How could it be legal?

a/ he's innocent until proven guilty.
b/ being guilty does not invalidate his copyright.


It probably isn’t legal but I can’t imagine there being any significant penalty. What are his damages? He’s got 4 answers and 6 questions. Nothing really significant in his posts tbh. Not sure what Evan is talking about when he says “ Despite having fruitfully contributed to the network”

If they don’t want his name on there they should just take all his posts down, as it’s a distraction. I think Luigi has got bigger problems to worry about though.


It's not just about him specifically it's about the principal generally. Old Unix Geek is right.

We can't just un-person people. This is the entire point of due process and an open legal system. So the government can't just disappear people.

Now it's not even the government that has to do it, the private corporations we've given our lives over to can just do it for them.

It's like how privately owned platforms neatly sidestep the issue of actual free speech. No one owns their own identity anymore, and their card can be quite literally pulled.


Personally I find it rather hilarious that so many of the people who have been cheering on various tech companies efforts to suppress things they disagree with are now clutching their pearls about this murderous idiot getting their accounts deleted or masked. I’d have more sympathy if I had seen them defending others from being deplatformed, but I haven’t seen it. At least not by many people, and the ones that do tend to get attacked by people who are supposedly on their side.

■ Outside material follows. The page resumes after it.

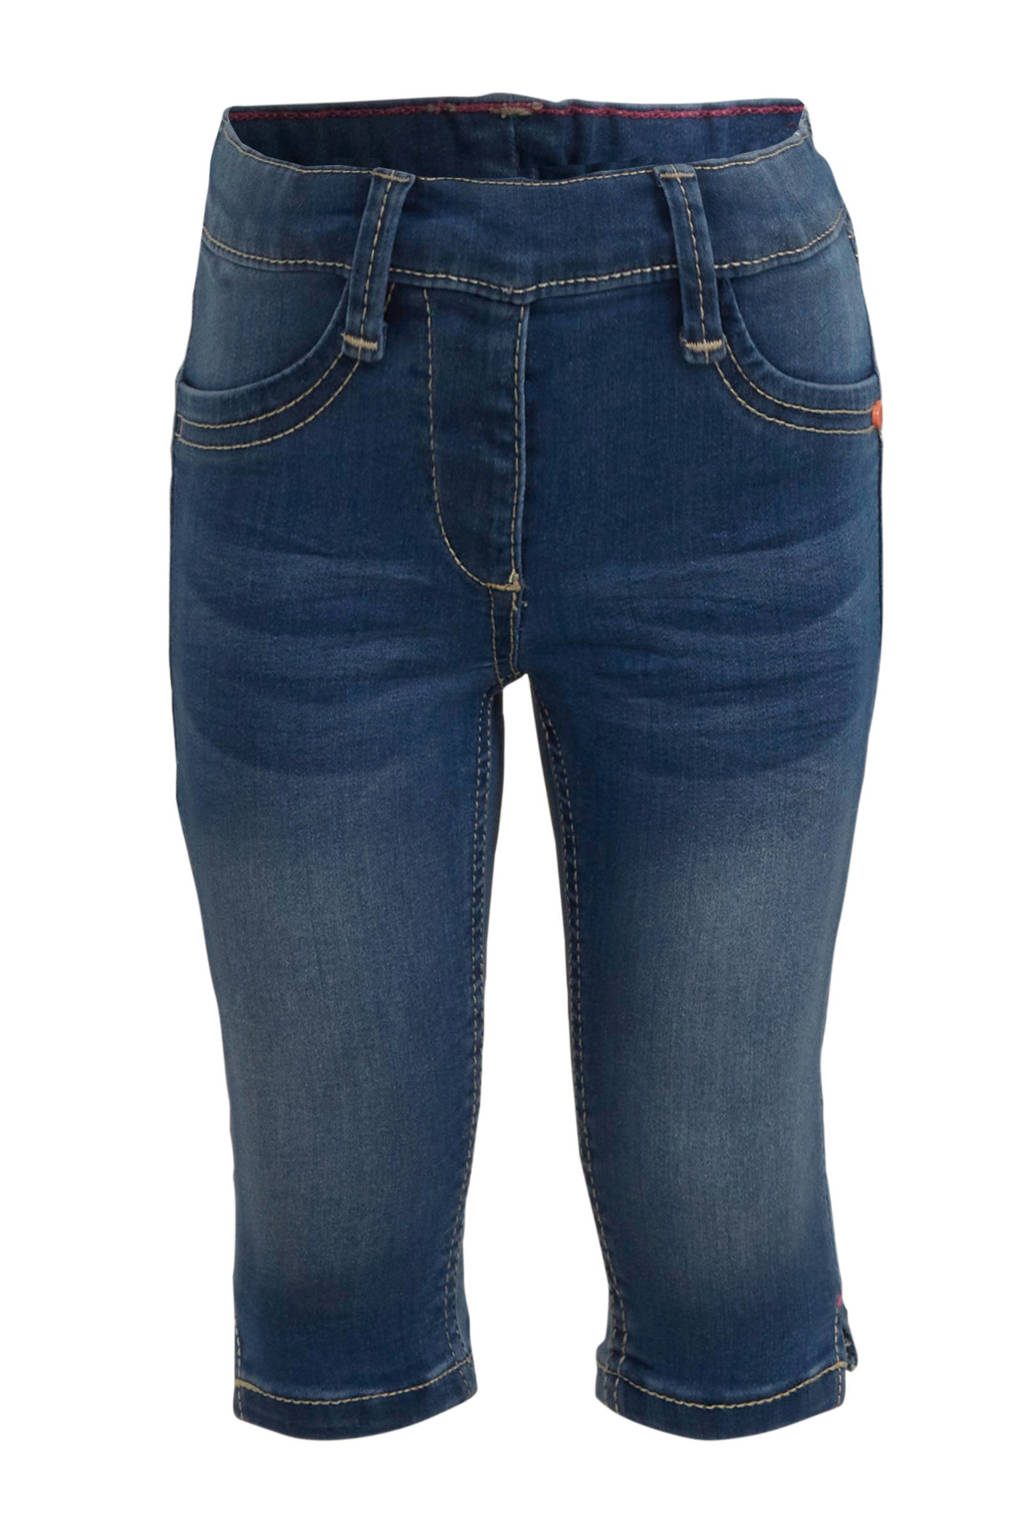 s.Oliver slim fit jeans stonewashed, Stonewashed
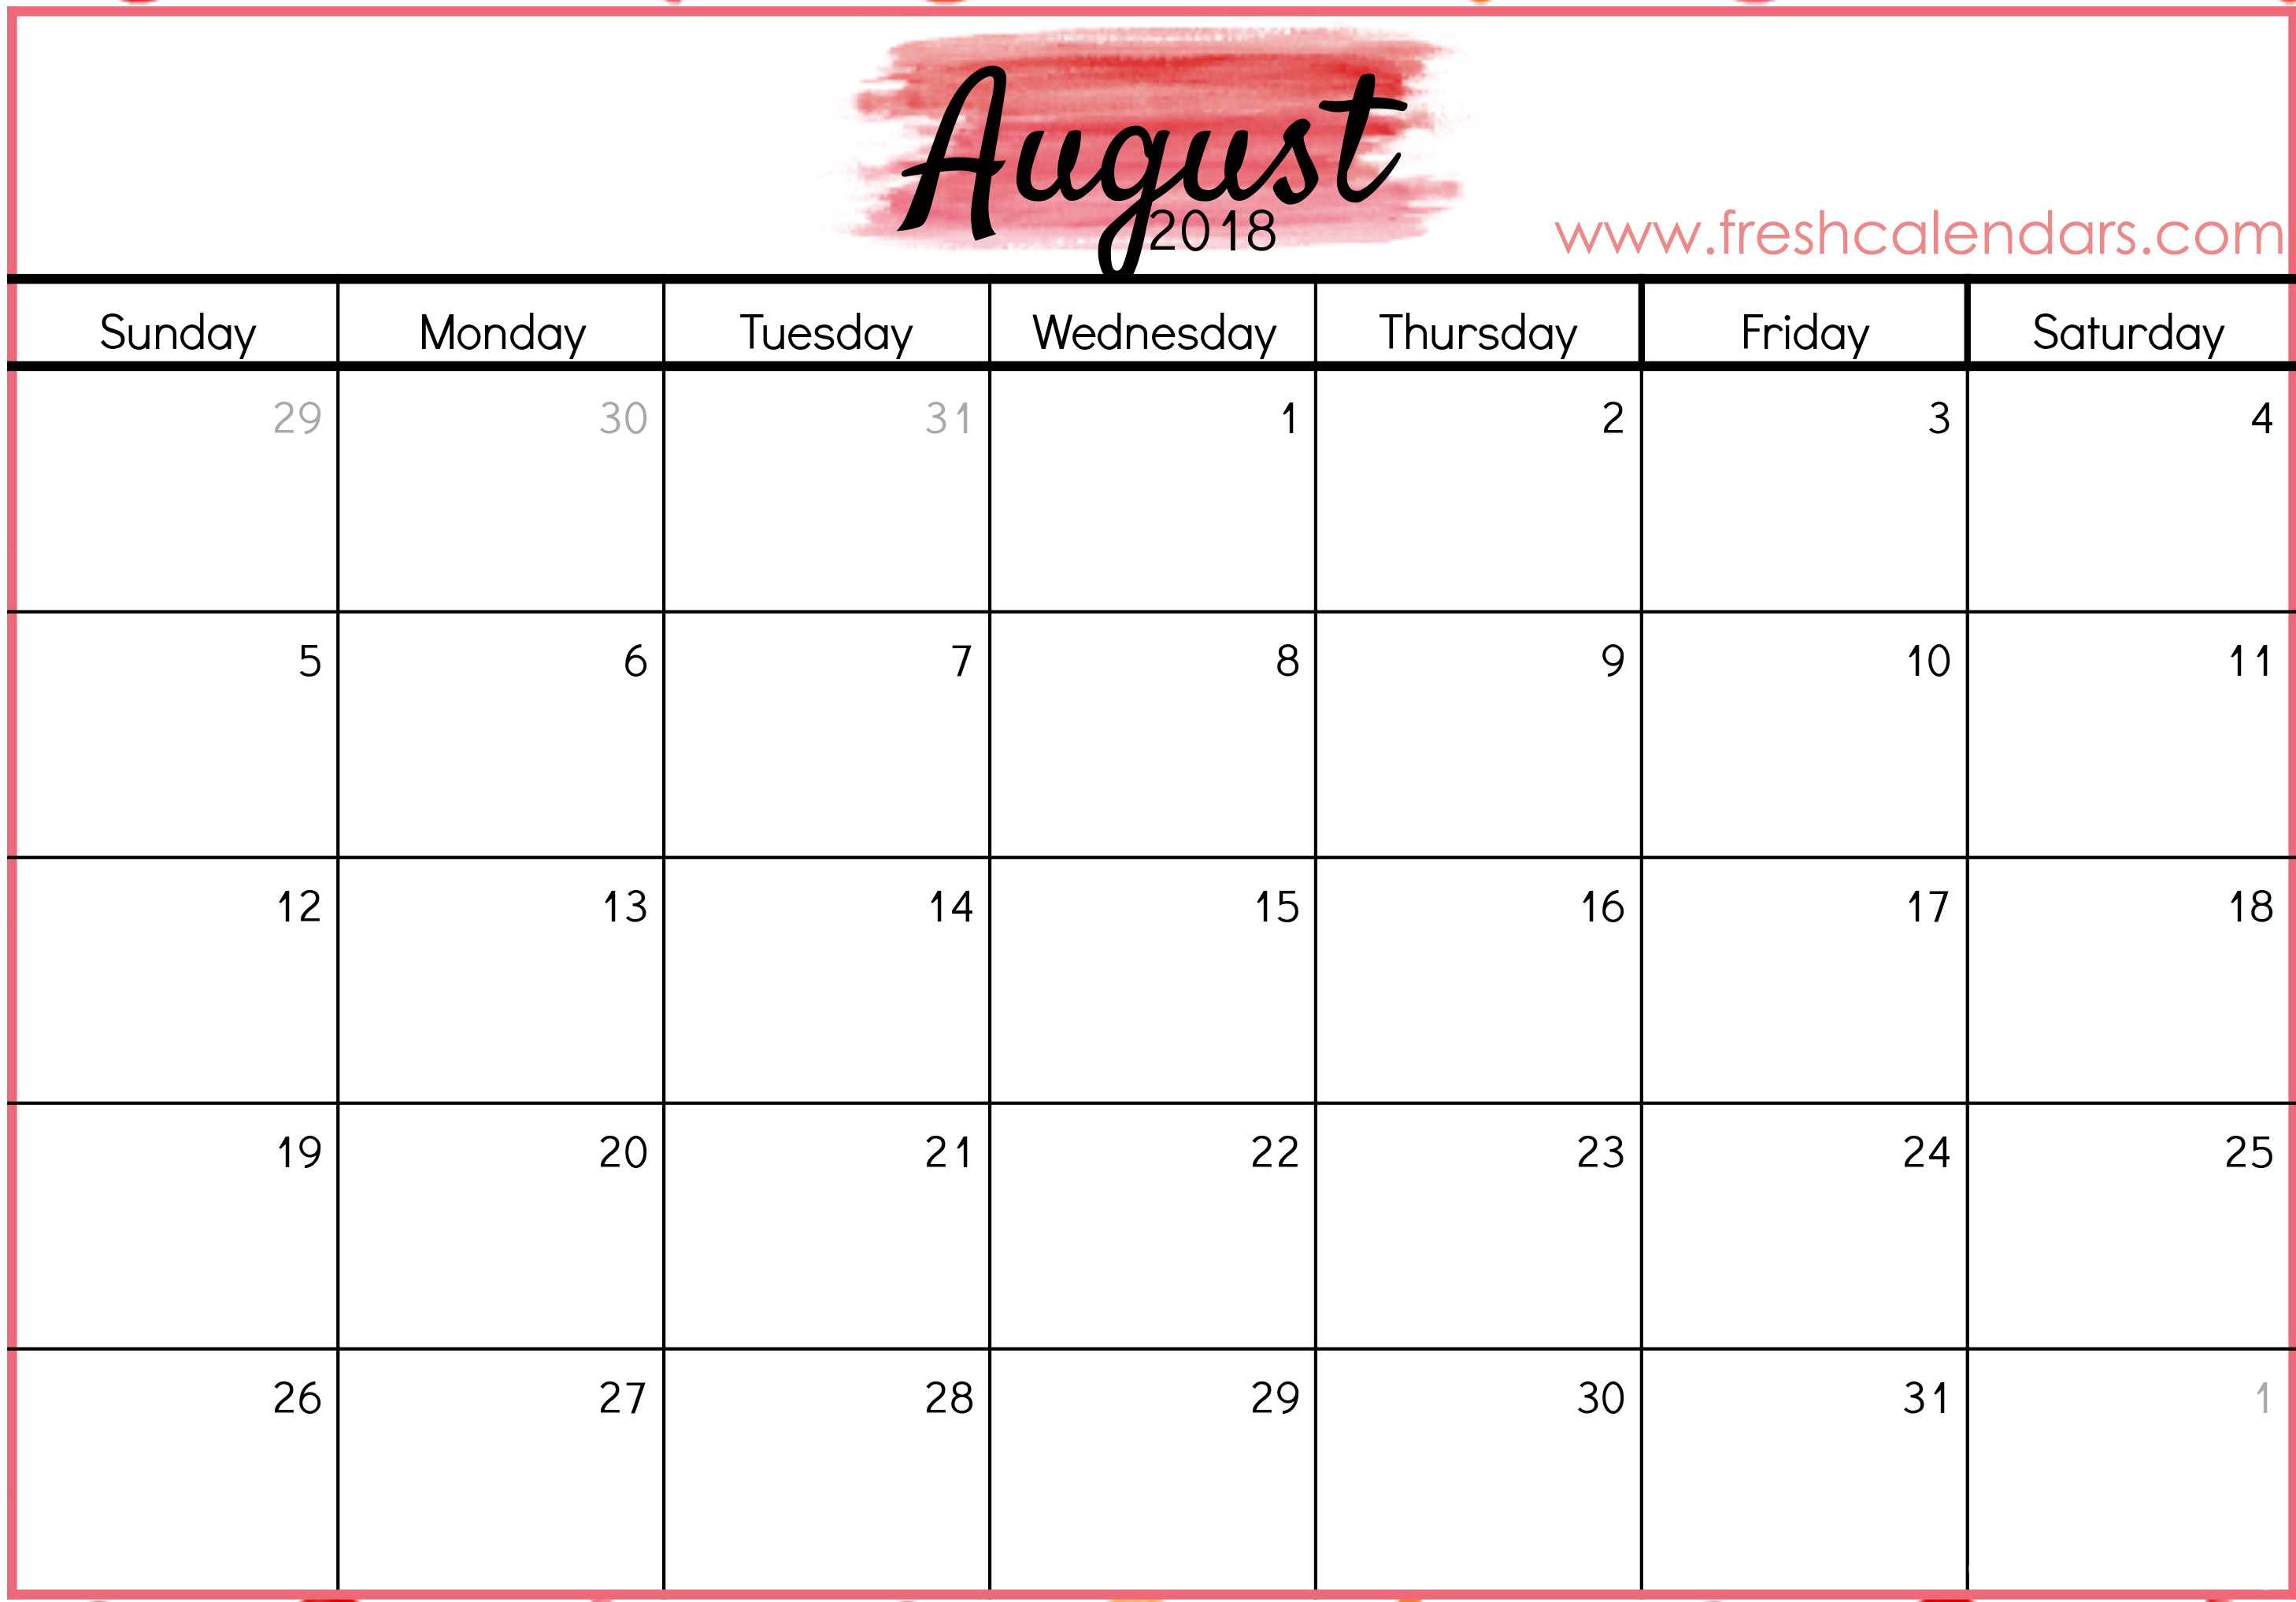 August 2018 Calendar Printable - Fresh Calendars intended for Blank August Colorful Calendar

@gildarts Do you mean a lot of these people supported Trump being banned from Twitter because he posted stuff they didn’t agree with?

This guy has a few basic questions about SpriteKit on Stackoverflow and some pretty uninteresting “answers.” I mean sure I agree with everyone…that they shouldn’t keep the posts while changing his name. I say either take it all down or keep it as is. But it is pretty small potatoes…


“So many of the people who have been cheering on various tech companies’ efforts to suppress things they disagree with are now clutching their pearls.”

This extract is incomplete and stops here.